The wind is sighing through the trees, through my heart. I am alone in the dining room as everyone sleeps. The sun glows through promising clouds, but I cannot read the promise.
I am planning a trip to town for groceries and sundries. This is not simple - I must think of everything before I leave. 7 miles to the mainland, 25 miles to the store. My lists are detailed and compartmentalized by store name. Hardware, grocery, home goods, thrift.

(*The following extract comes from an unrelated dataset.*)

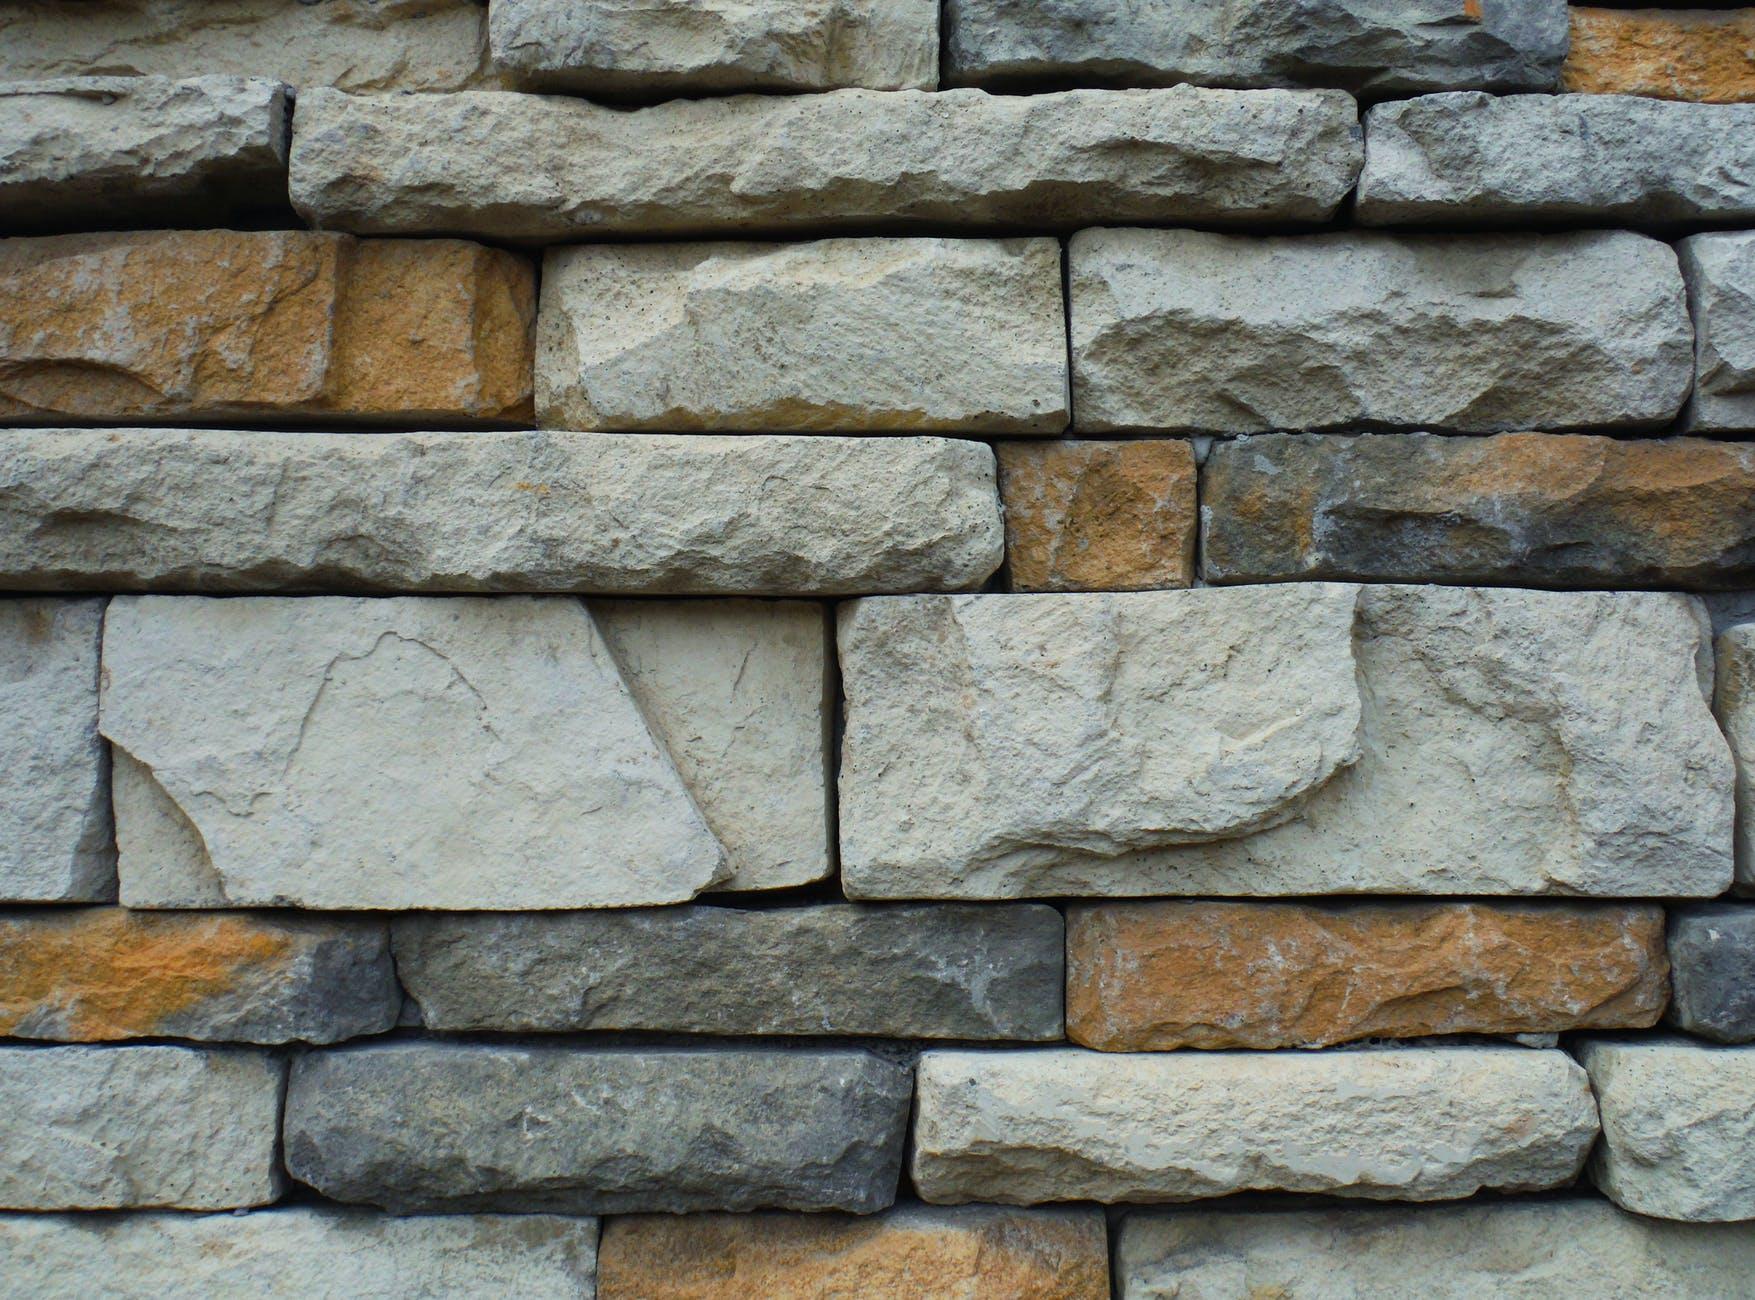 A close-up of a brick wall.

These trips are joyful in their aloneness, and fraught with homesickness. I miss the checkout ladies - Donna and Mary especially - who have been helping me with groceries for longer than my children have been alive. I ache for the ease of a store just 10 minutes away. I long for stranger-smiles, which are not customary here. Instead my fellow shoppers glare at me with suspicion, and walk away from my assumed intimacy.
Out and back, just like at home but somehow totally different. I still am a stranger here, caught in a web of partial familiarity after 5 summers in 10 years. I know the roads and the stores, but I do not know the place.
In these summers I am a traveler, restless and rootless. This is not a bad thing. The experience makes me more flexible and adaptable. I certainly appreciate the luxury of my home, my life, far more when I return. My children are ineffably enlightened as well, and we all become closer. Most importantly, I get the chance to spend time with people I otherwise would never see. Still, these mornings when I go through my list a dozen times, I dream of home.